Cheol Kyu Hwang et al. Mol Pharmacol. 2010 Jul.

Abstract

The effects of morphine are mediated mainly through the mu opioid receptor (MOR). Expression of the MOR is up-regulated during neuronal differentiation in P19 embryonal carcinoma cells and epigenetic changes play an important role in MOR up-regulation. This study investigates the basis for differentiation-dependent alterations of MOR chromatin by studying the recruitment or dissociation of several factors to the remodeled chromatin locus. Chromatin immunoprecipitation assays were used to demonstrate the recruitment of the transcriptional activator Sp1 and the chromatin remodeling factors Brg1 and BAF155 to this promoter, as well as the dissociation of repressors [histone deacetylases, mSin3A, Brm, and methyl-CpG-binding protein 2 (MeCP2)]. Histone modifications (acetylation, induction of histone H3-lys4 methylation, and reduction of H3-lys9 methylation) were consistently detected on this promoter.
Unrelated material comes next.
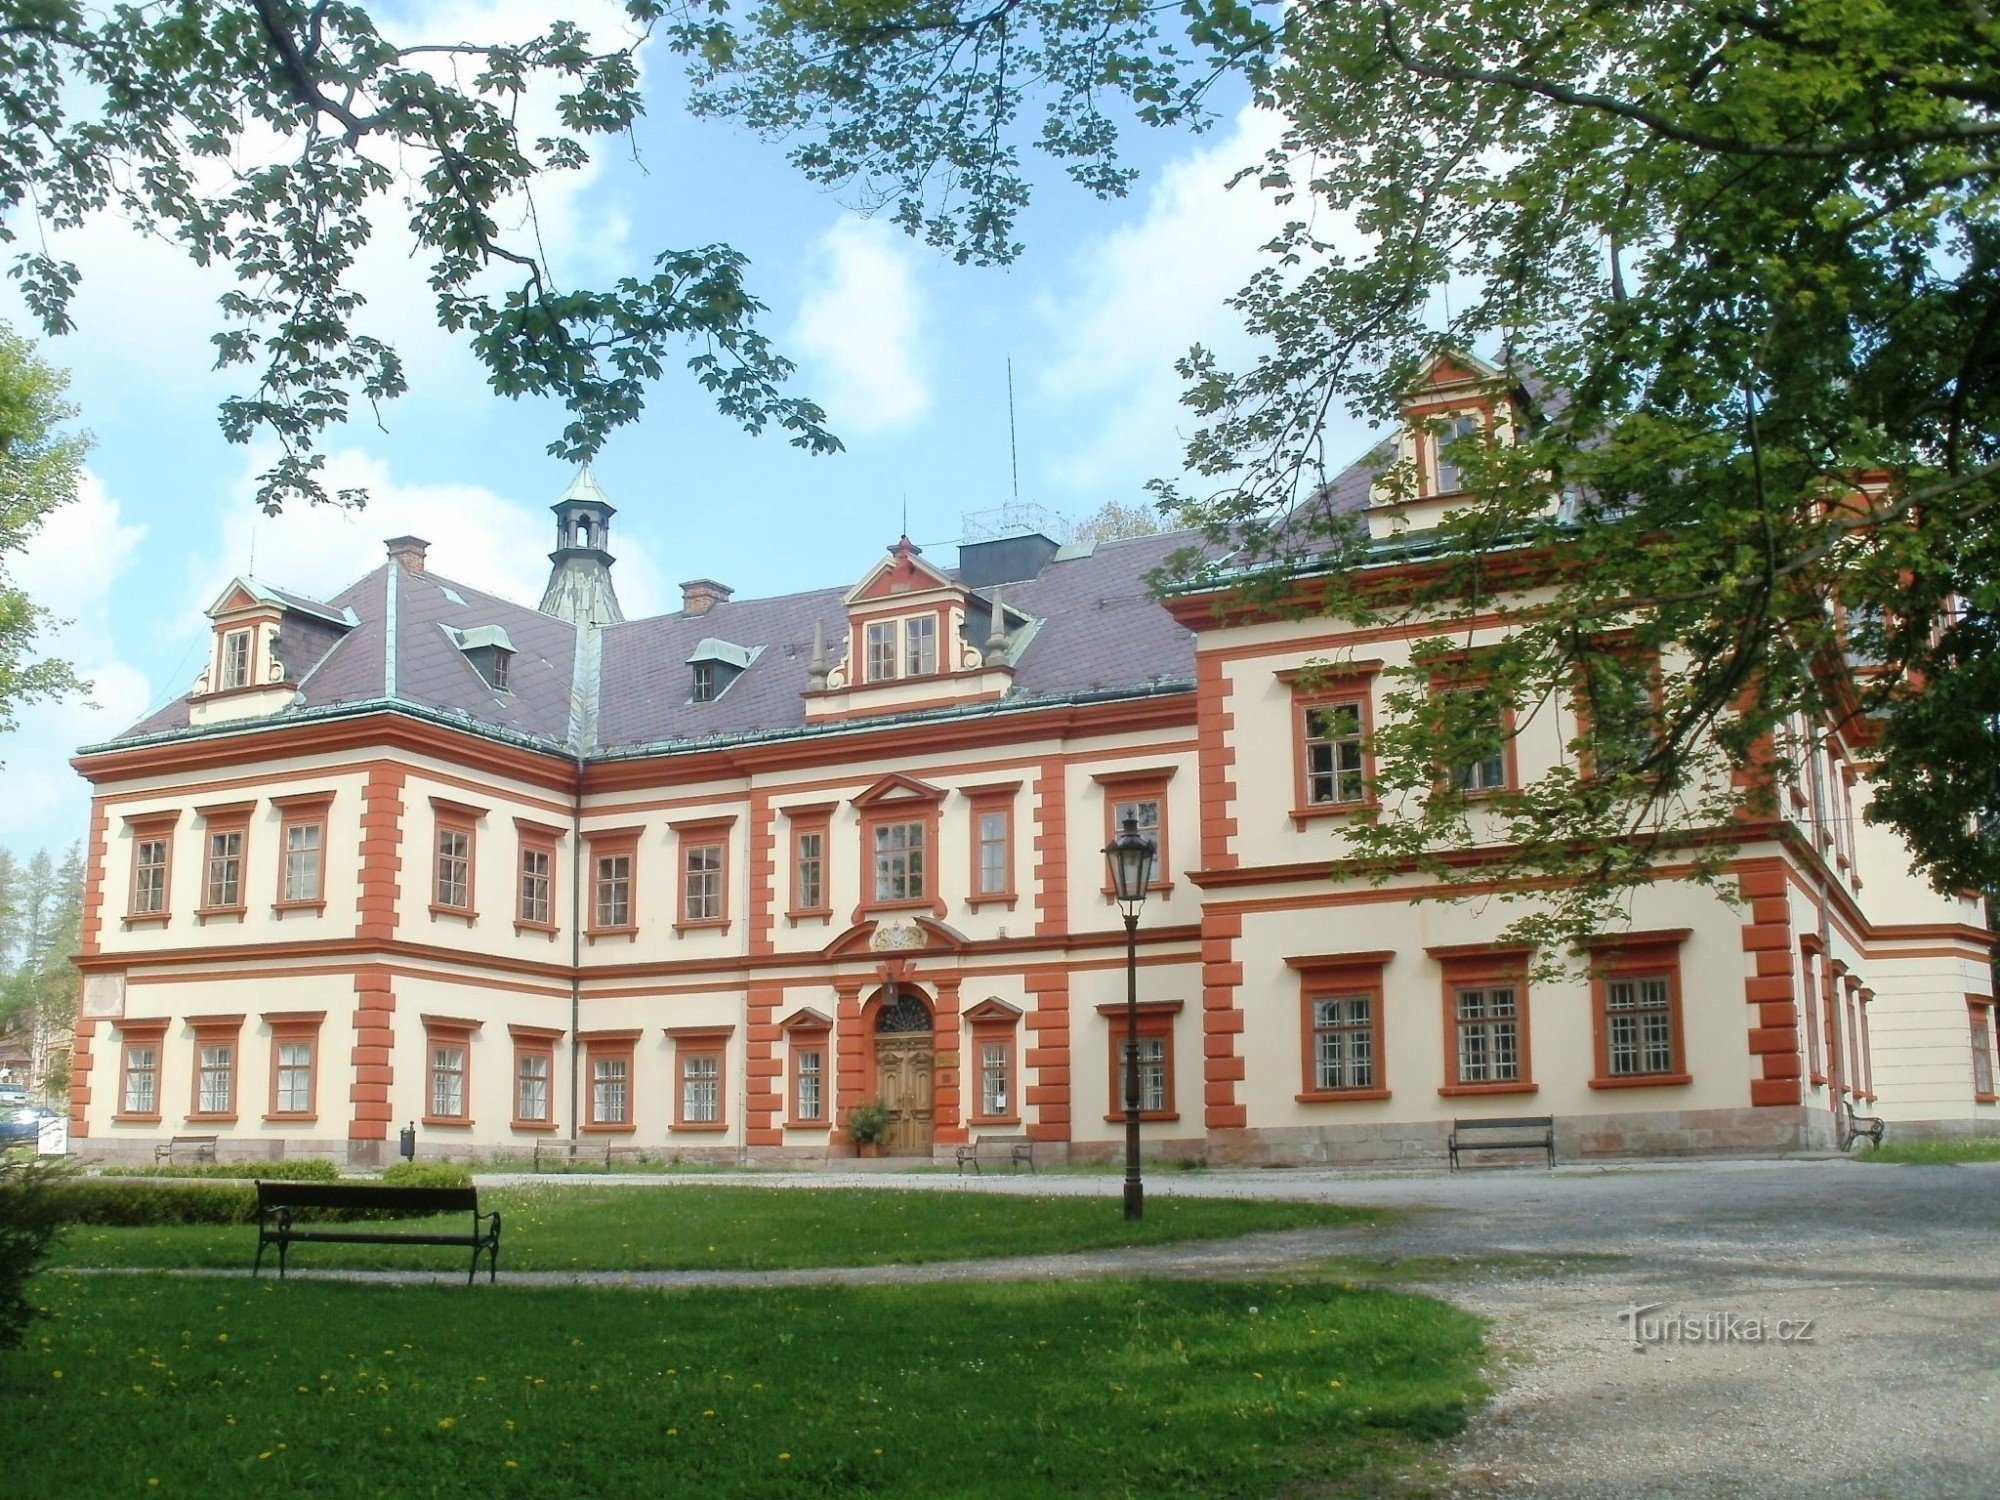 Jilemnice - Krkonoše museum, castle

Overexpression of Sp1 strongly enhanced MOR promoter activity, and the histone deacetylase inhibitor trichostatin A also increased promoter activity. In vitro DNA CpG-methylation of the promoter partially blocked binding of the Sp1 factor but induced MeCP2 binding. Coimmunoprecipitation studies also found novel evidence of an endogenous MeCP2 interaction with Sp3 but a weaker interaction with Sp1. Overall, the results suggest that during neuronal differentiation, MeCP2 and DNA methylation mediate remodeling of the MOR promoter by chromatin remodeling factors (Brg1 and BAF155) from a compacted state to a conformation allowing access for transcriptional factors. Subsequent recruitment of the activating transcription factor Sp1 to the remodeled promoter results in MOR up-regulation.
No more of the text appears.